Records to process START

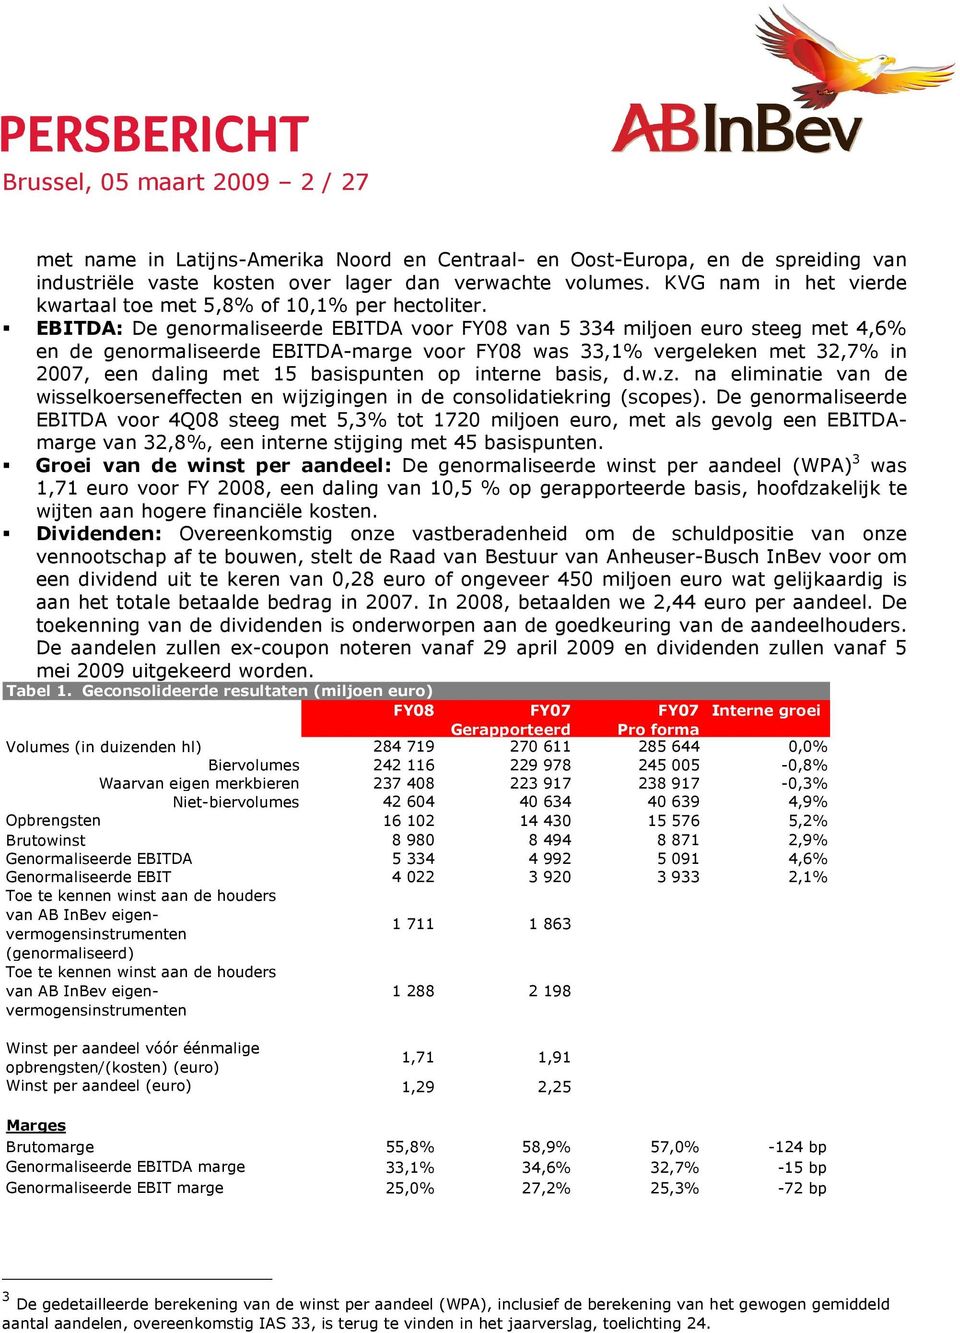 EBITDA: De genormaliseerde EBITDA voor FY08 van 5 334 miljoen euro steeg met 4,6% en de genormaliseerde EBITDA-marge voor FY08 was 33,1% vergeleken met 32,7% in 2007, een daling met 15 basispunten op
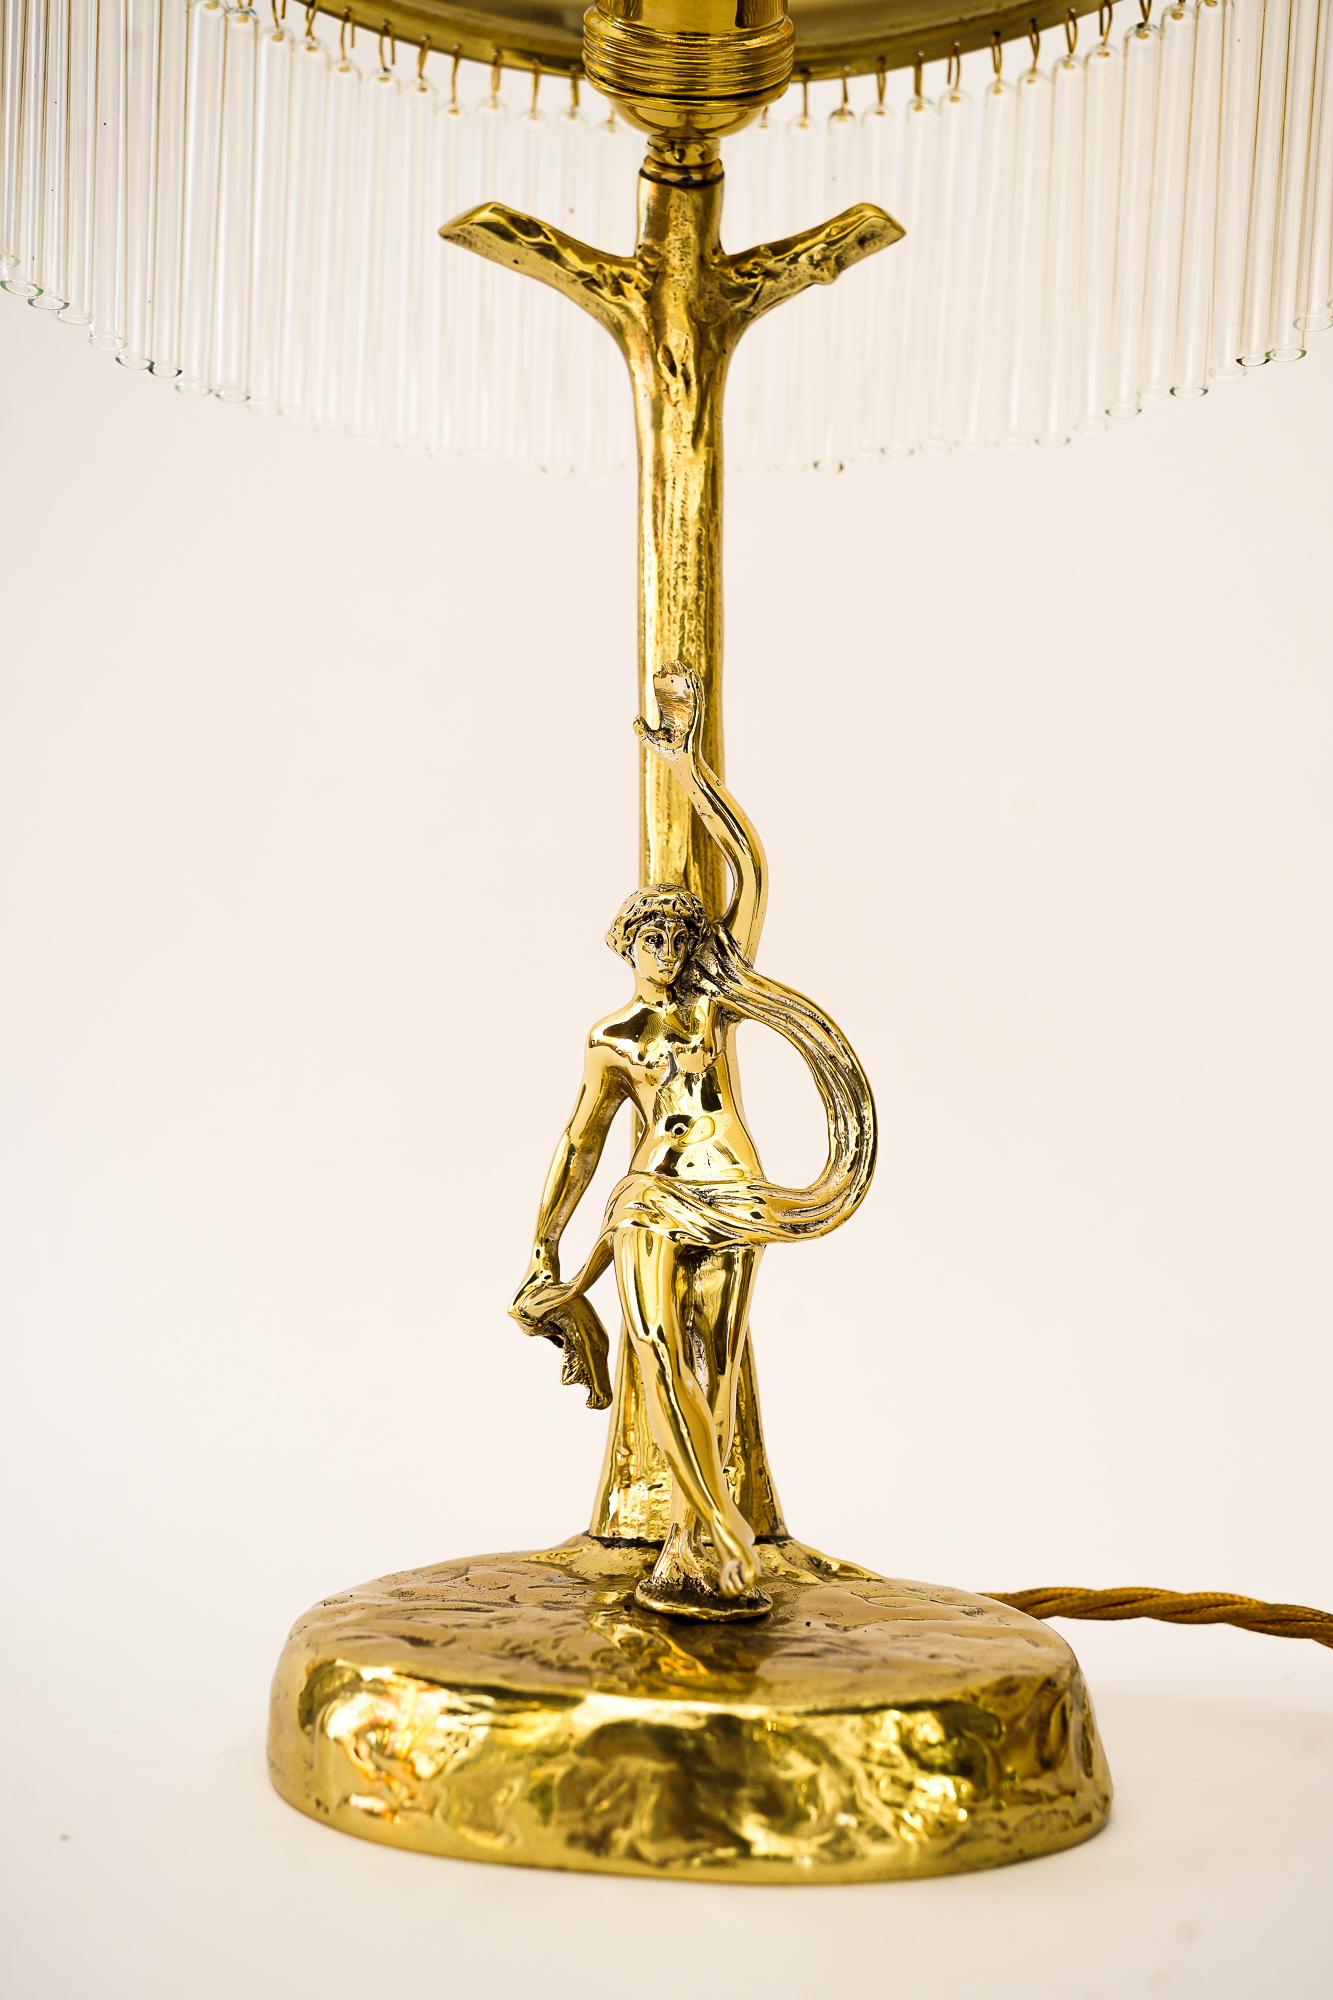 Jugendstil-Tischlampe mit originalem antikem Glasschirm Vienna aus den 1910er Jahren
Messing poliert und emailliert
Die Glasstäbe werden ersetzt ( neu )
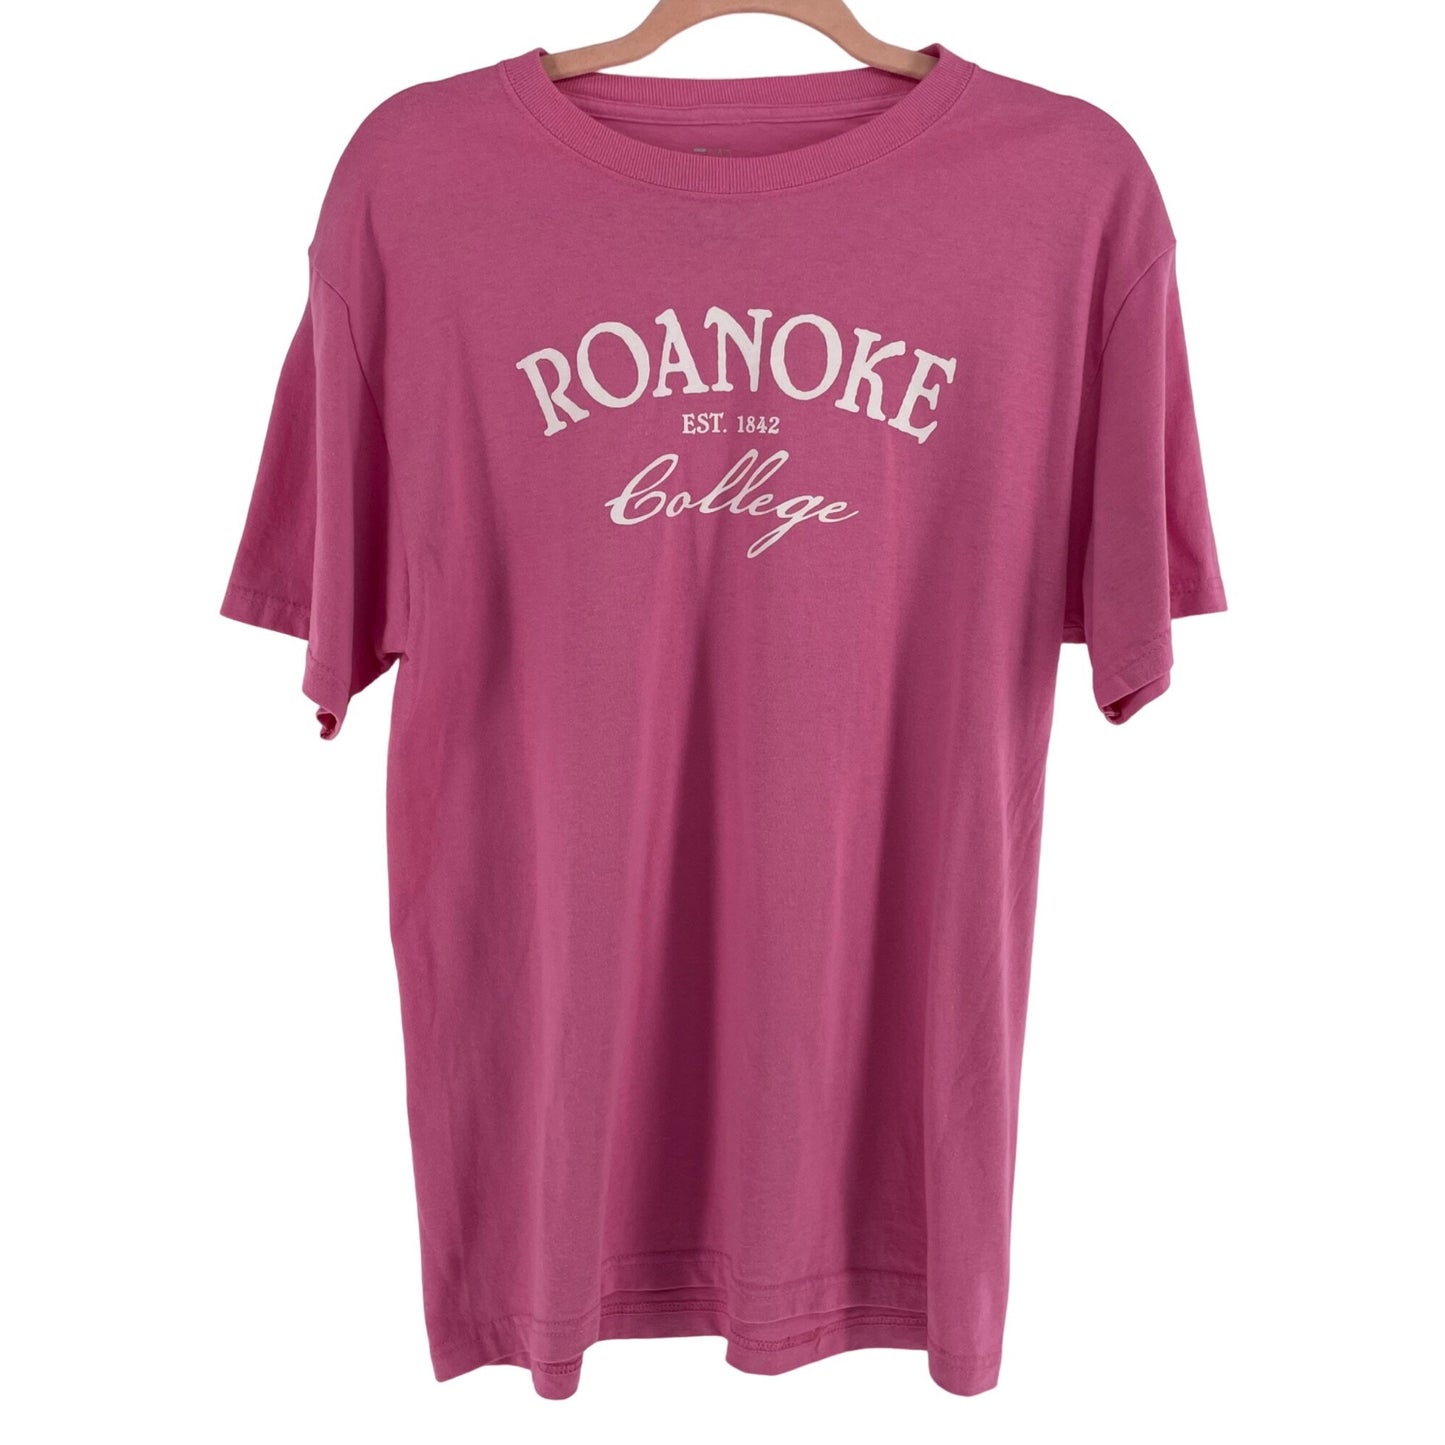 J America Sportswear Women's Roanoke College Est 1842 Size Medium Pink T-Shirt
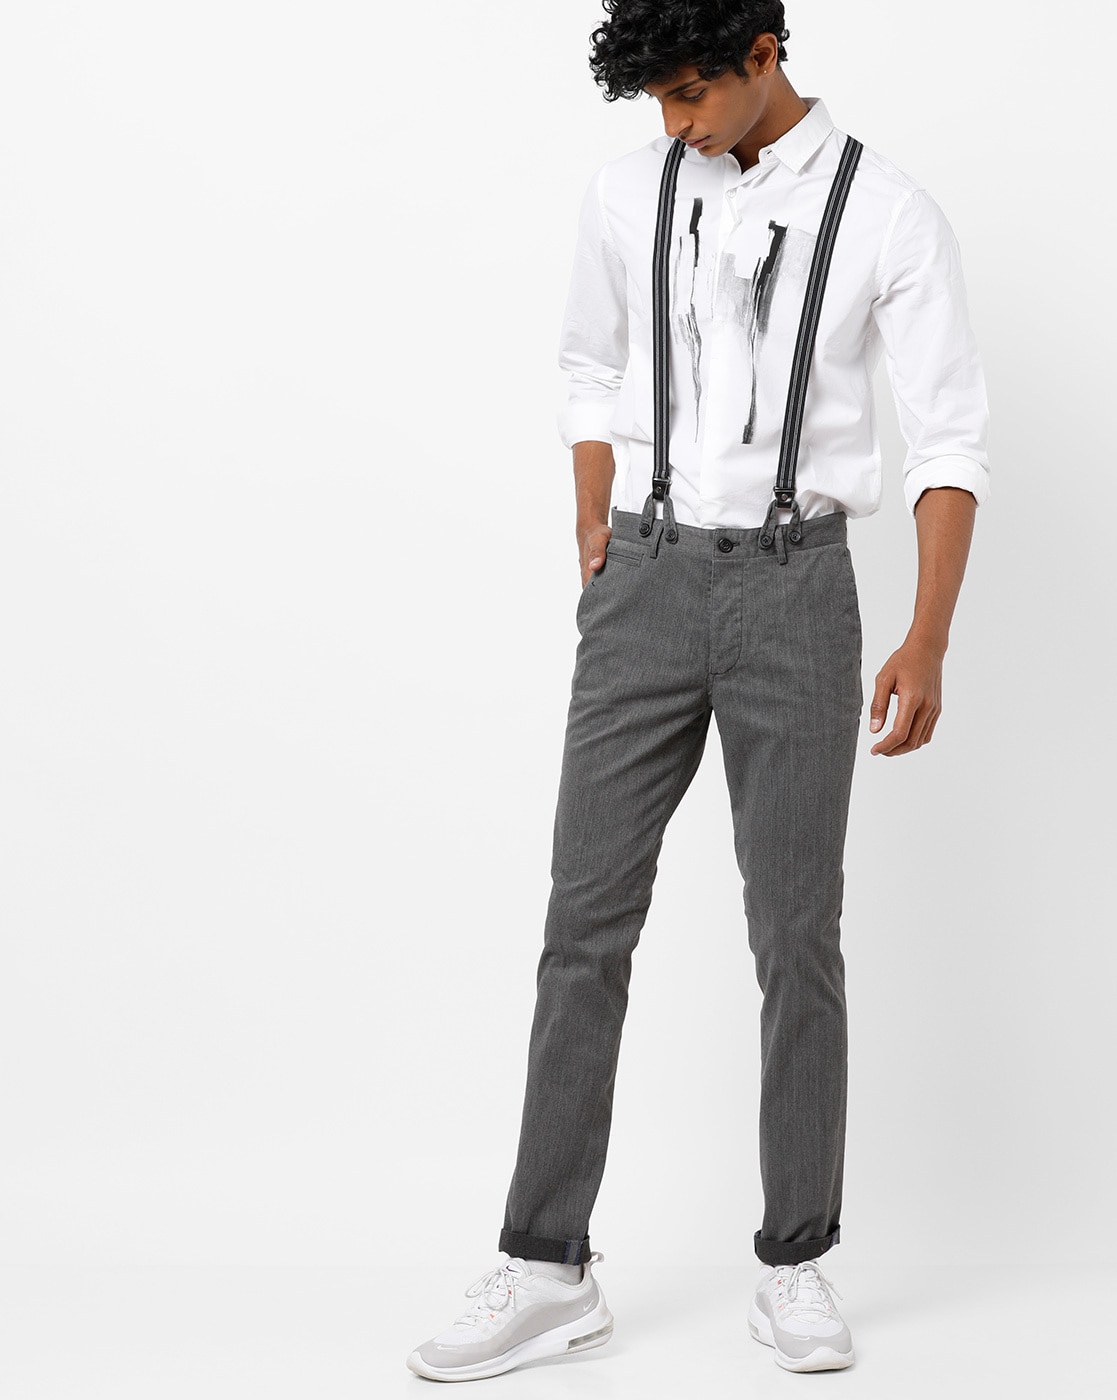 Buy Fascigirl Men Suspender Pant Suspender Adjustable 6 Strong Clip Y Back  Suspender for Work Pant at Amazonin
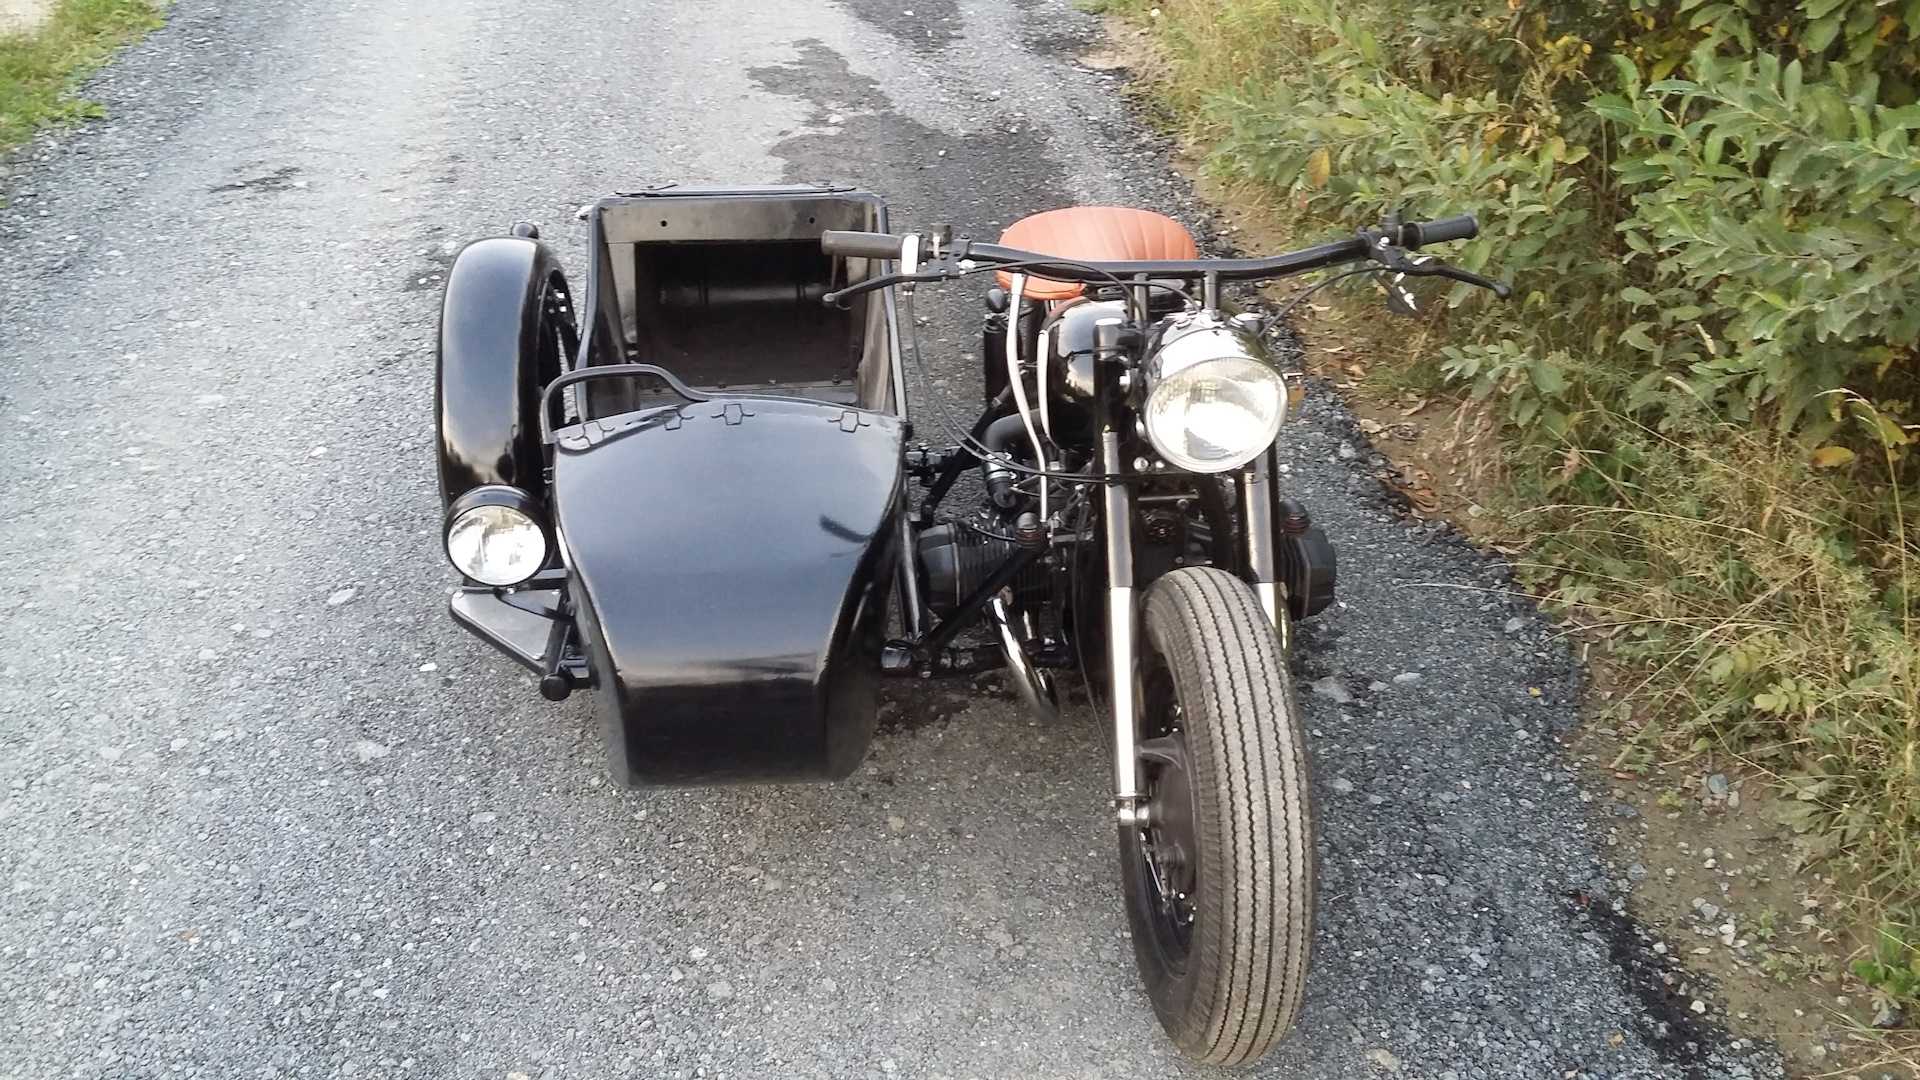 Тюнинг мотоцикла урал с коляской своими руками: фото примеров тюнингованных байков

Records to process END

Repeat the records above exactly. Pictures do not belong in the copy.

**Exercise output:**
 EBITDA: De genormaliseerde EBITDA voor FY08 van 5 334 miljoen euro steeg met 4,6% en de genormaliseerde EBITDA-marge voor FY08 was 33,1% vergeleken met 32,7% in 2007, een daling met 15 basispunten op
 Jugendstil-Tischlampe mit originalem antikem Glasschirm Vienna aus den 1910er Jahren
Messing poliert und emailliert
Die Glasstäbe werden ersetzt ( neu )
 J America Sportswear Women's Roanoke College Est 1842 Size Medium Pink T-Shirt
 Buy Fascigirl Men Suspender Pant Suspender Adjustable 6 Strong Clip Y Back  Suspender for Work Pant at Amazonin
 Тюнинг мотоцикла урал с коляской своими руками: фото примеров тюнингованных байков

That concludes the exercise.